**Task brief**
Print out every line of the material exactly. Include no pictures.

--- Available data ---

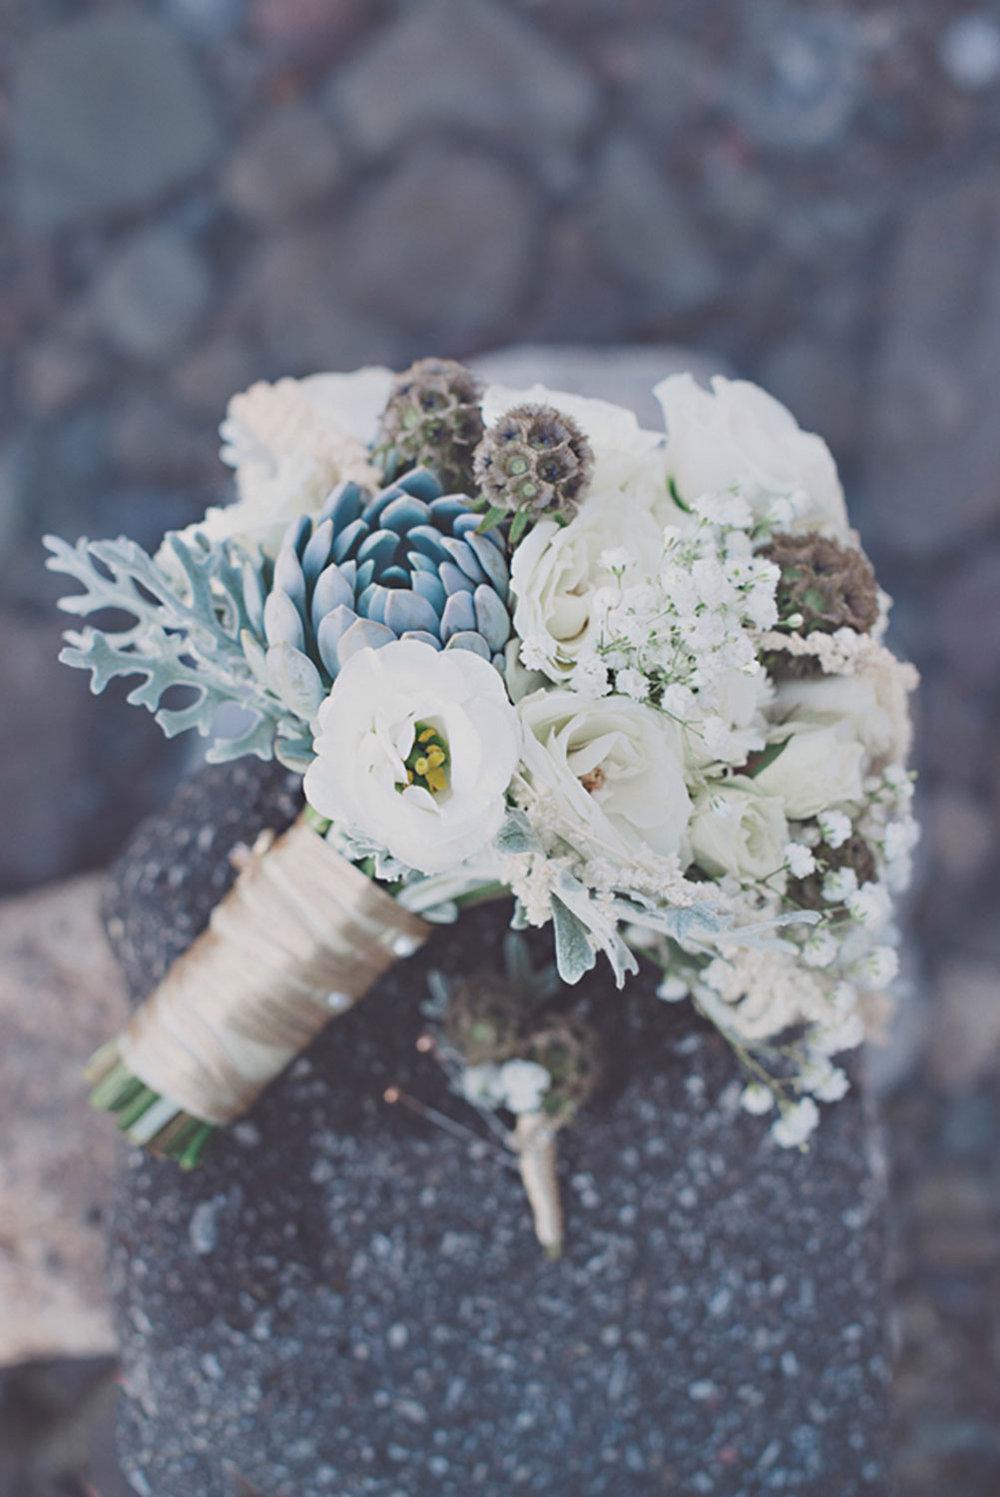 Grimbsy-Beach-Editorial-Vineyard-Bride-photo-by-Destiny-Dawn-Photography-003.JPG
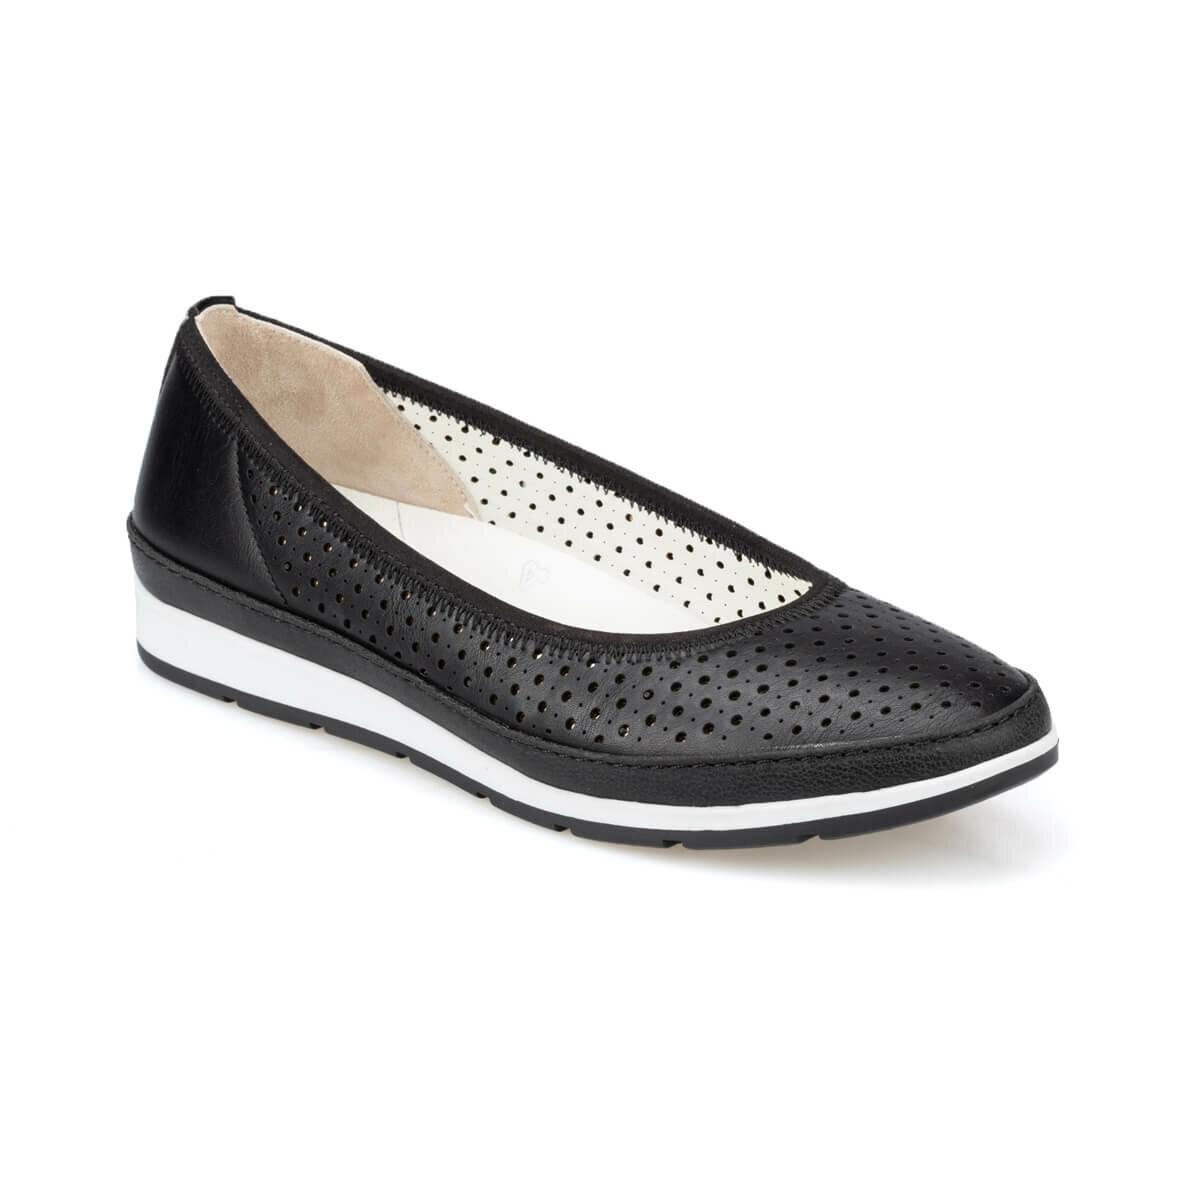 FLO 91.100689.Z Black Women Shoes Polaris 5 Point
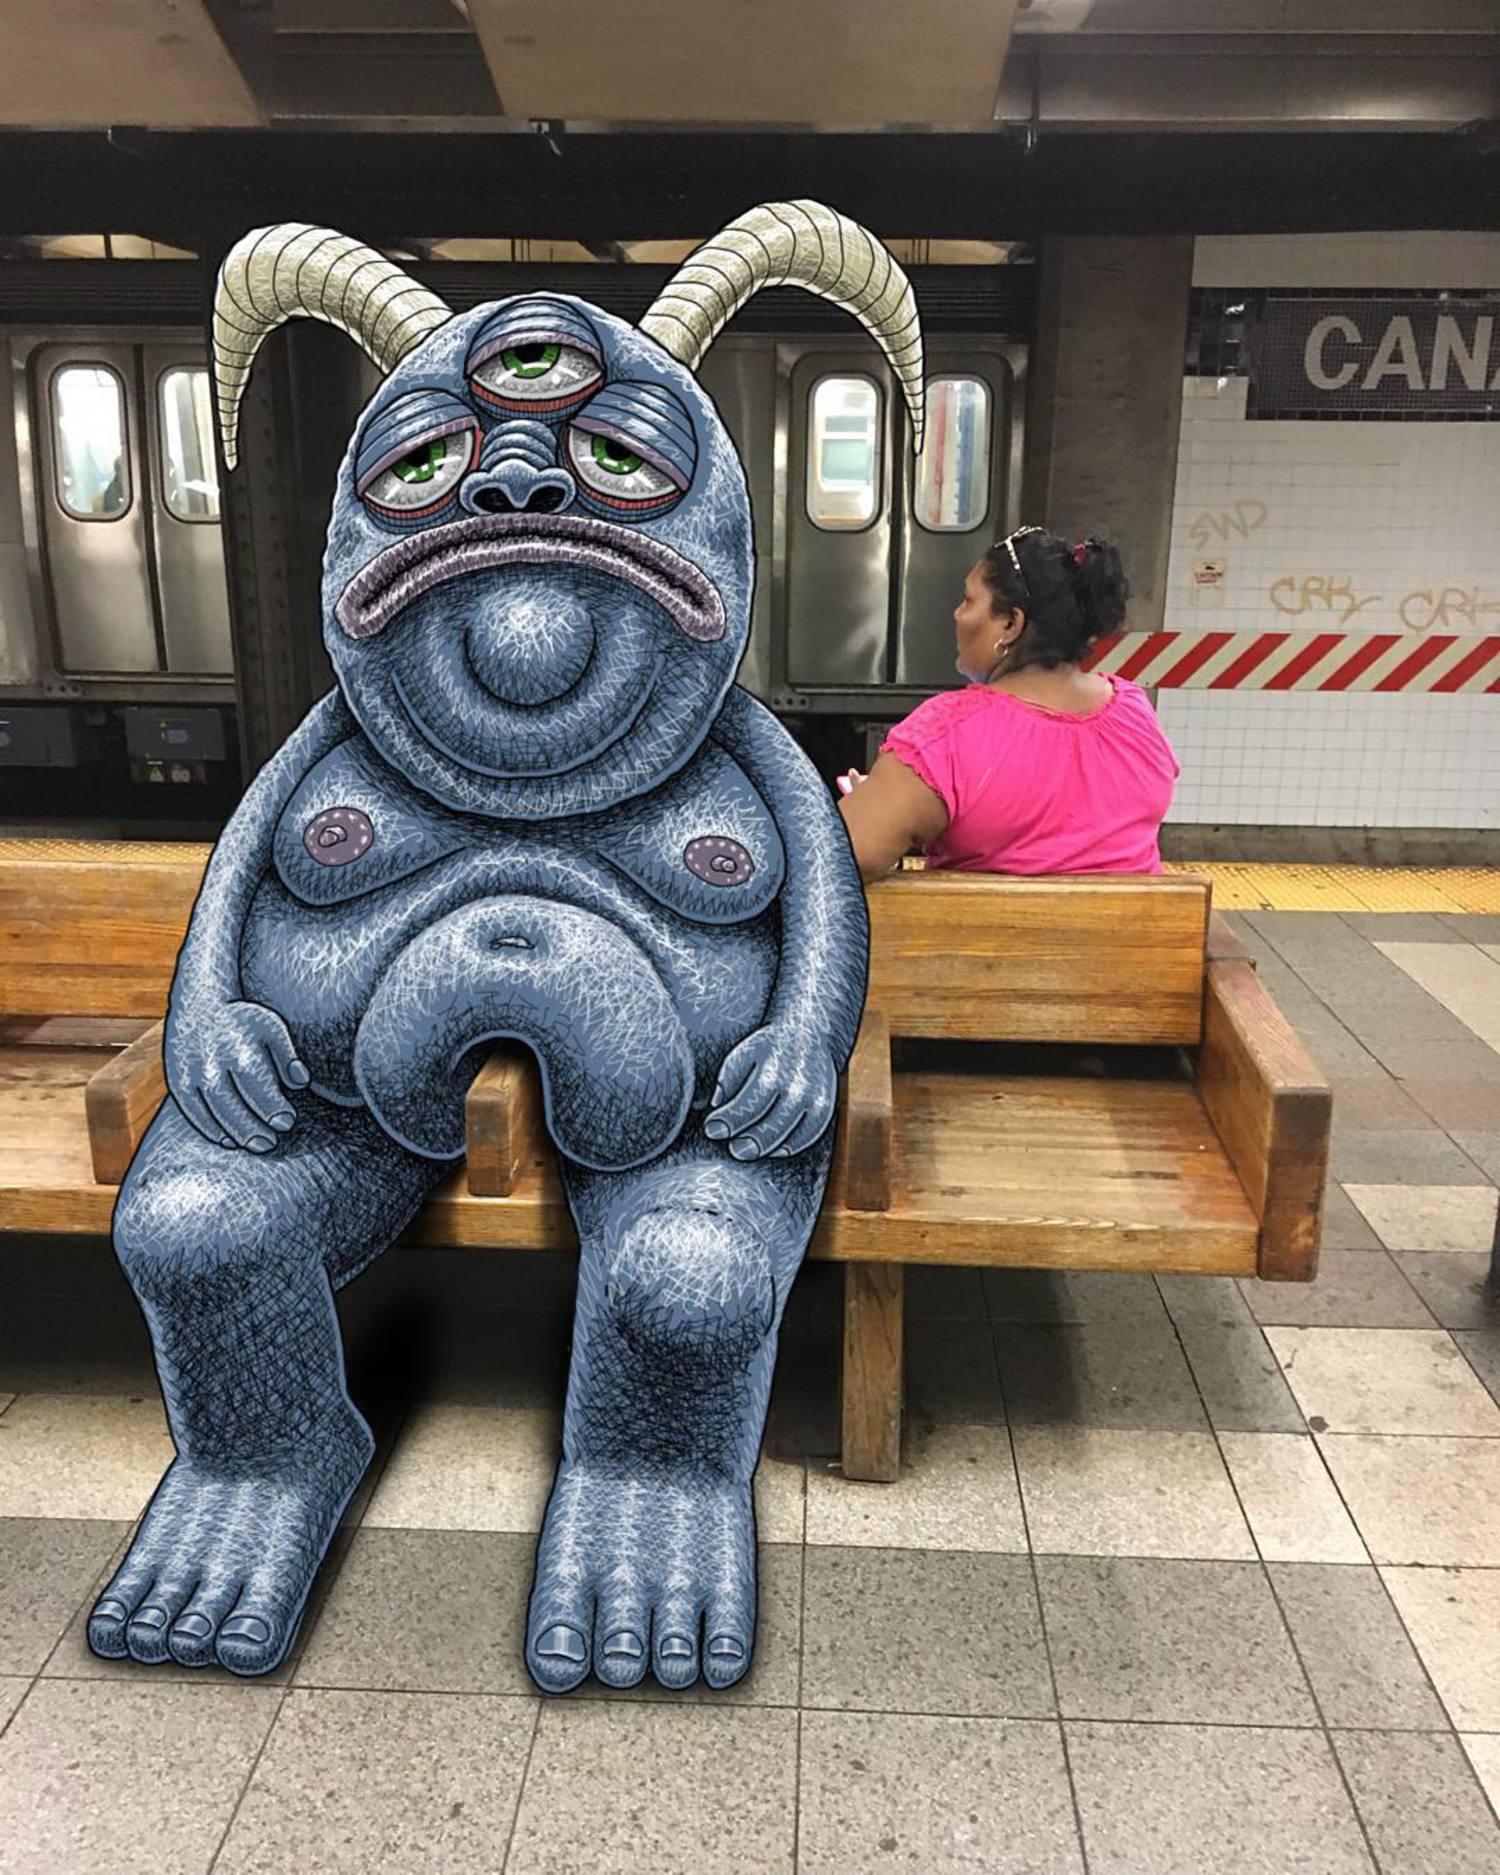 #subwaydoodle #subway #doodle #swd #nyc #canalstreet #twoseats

---

**Expected answer**
 Grimbsy-Beach-Editorial-Vineyard-Bride-photo-by-Destiny-Dawn-Photography-003.JPG
 FLO 91.100689.Z Black Women Shoes Polaris 5 Point
 #subwaydoodle #subway #doodle #swd #nyc #canalstreet #twoseats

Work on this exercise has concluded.